HAP1 CRISPR/Cas9 screen.
CRISPR/Cas9 screening in HAP1 cells was performed as described^74^. 100 million HAP1 cells stably expressing Cas9 were transduced with the TKOv3 lentiviral library (71,090 guide RNAs, total) at an M.O.I. of ~ 0.3. Then, after 24 h of recovery, cells were selected in puromycin (1 μg/mL) for a further 48 h. Cells were then split into three separate populations (Day 0), and on day 4, each population was subdivided into CIL56 (300 nM) treatment or DMSO arms and passaged every three days for a total of three treatment rounds. Cells were harvested on day 15, corresponding to ~ 17 population doublings for control-treated cell populations. Vehicle control and CIL56-treated samples were pelleted and prepared for next generation sequencing with data analysis conducted as previously described^75^. Cell death suppression scores (SumZ) were computed by comparing the effects on sgRNA representation in the final pools between DMSO control and CIL56-treated conditions.

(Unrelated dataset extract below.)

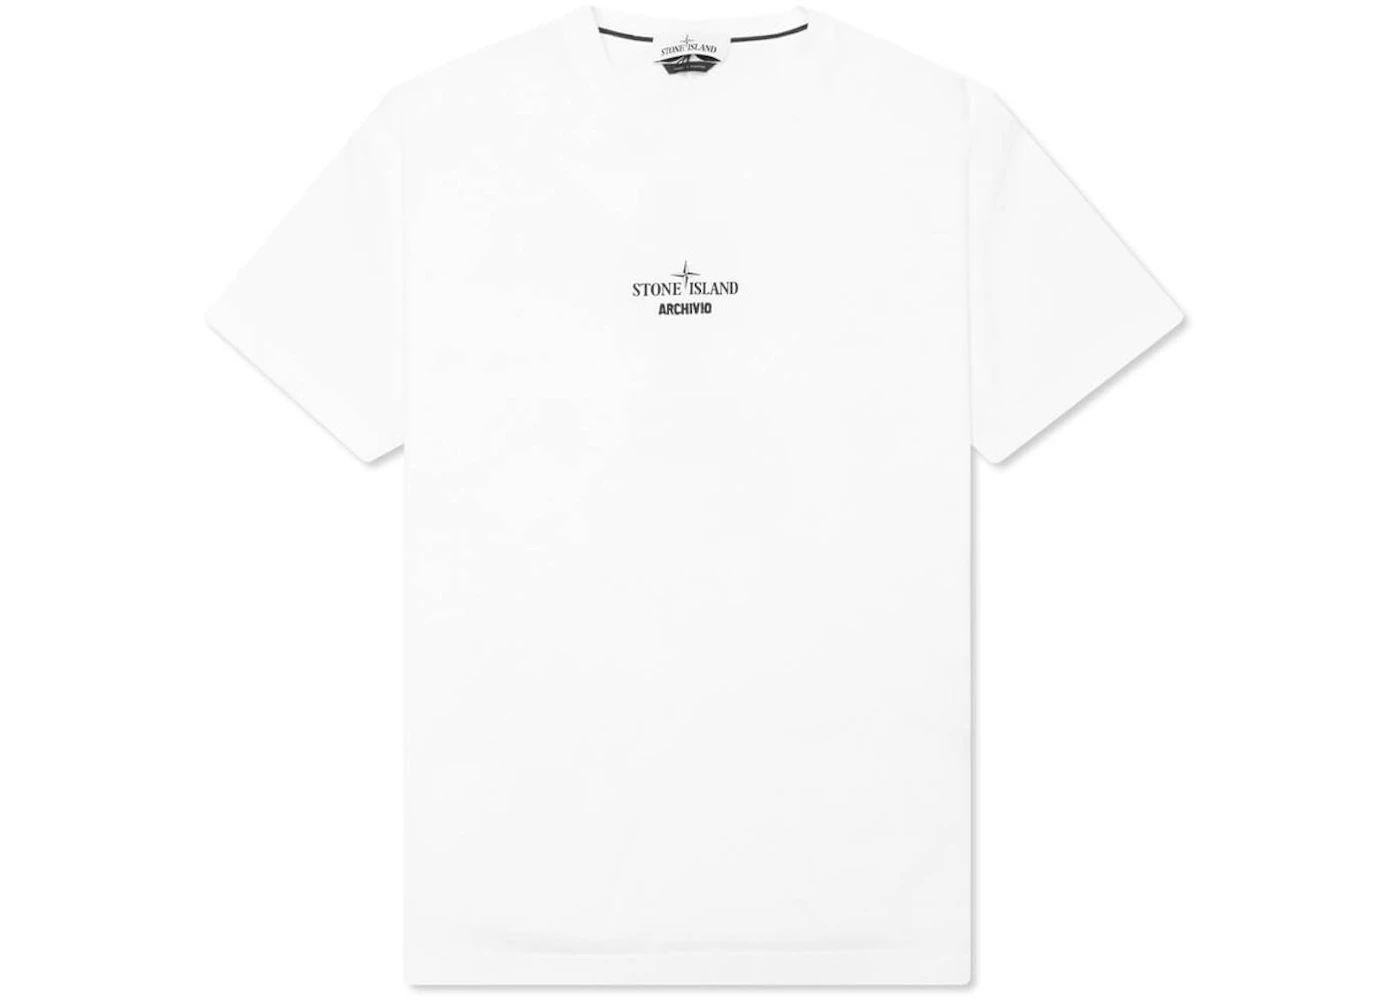 Stone Island Archivio 2NS91 Slim Fit T-shirt White Men's - FW21 - US

Gene silencing using short interfering RNA (siRNA).
The hs.Ri.HSD17B12.13.1 (Cat# 303800443) and hs.Ri.HSD17B12 13.3 (Cat# 303800446) siRNAs were obtained from Integrated DNA Technologies (Coralville, IA). Two nanomoles of siRNA powder was reconstituted in 100 μL of nuclease-free water for a concentration of 20 pM/μL. An AllStars negative control siRNA (Cat# 1027280) and an AllStars Hs death positive control siRNA (Cat# 1027298) were obtained from Qiagen (Germantown, MD). Five nmol of negative siRNA control and death positive siRNA control powder were each reconstituted in 250 μL for a final concentration of 20 μM. For all experiments, siRNAs were added to cells at the same time as cell seeding. siRNAs were diluted in Opti-MEM (Cat# 31985-062, Thermo Fisher Scientific, Waltham, MA) for a final concentration of 20 picomoles siRNA and 250 μL Opti-MEM per well in a 6-well plate (Cat# 3516, Corning Inc., Corning, NY) or 10 picomoles siRNA and 125 μL Opti-MEM per well in a 12-well plate (Cat# CLS3513, Sigma-Aldrich, St. Louis, MO), and the appropriate amount was added to each well. For experiments performed in 6-well plates, 2.5 μL Lipofectamine RNAiMAX reagent (Cat# 13778075, Life Technologies, Carlsbad, CA) in 250 μL Opti-MEM was used per well. For experiments performed in 12-well plates, 1.25 μL lipofectamine RNAiMAX in 125 μL Opti-MEM was used per well. The Lipofectamine/Opti-Mem mixtures were allowed to sit in the plate while cells were split and counted. HT-1080^N^ cells were added to the plates at a density of 180,000 cells per well for a 6-well plate and 90,000 cells per well for a 12-well plate. For each experiment, transfection efficiency was confirmed after 48 h by examination of the positive death control siRNA. Enough wells were plated for both RT-qPCR and cell death experiments. Cell harvests for qPCR were performed 48 h following transfection. Cell death experiments were initiated 48 h after transfection. Gene silencing was confirmed using RT-qPCR.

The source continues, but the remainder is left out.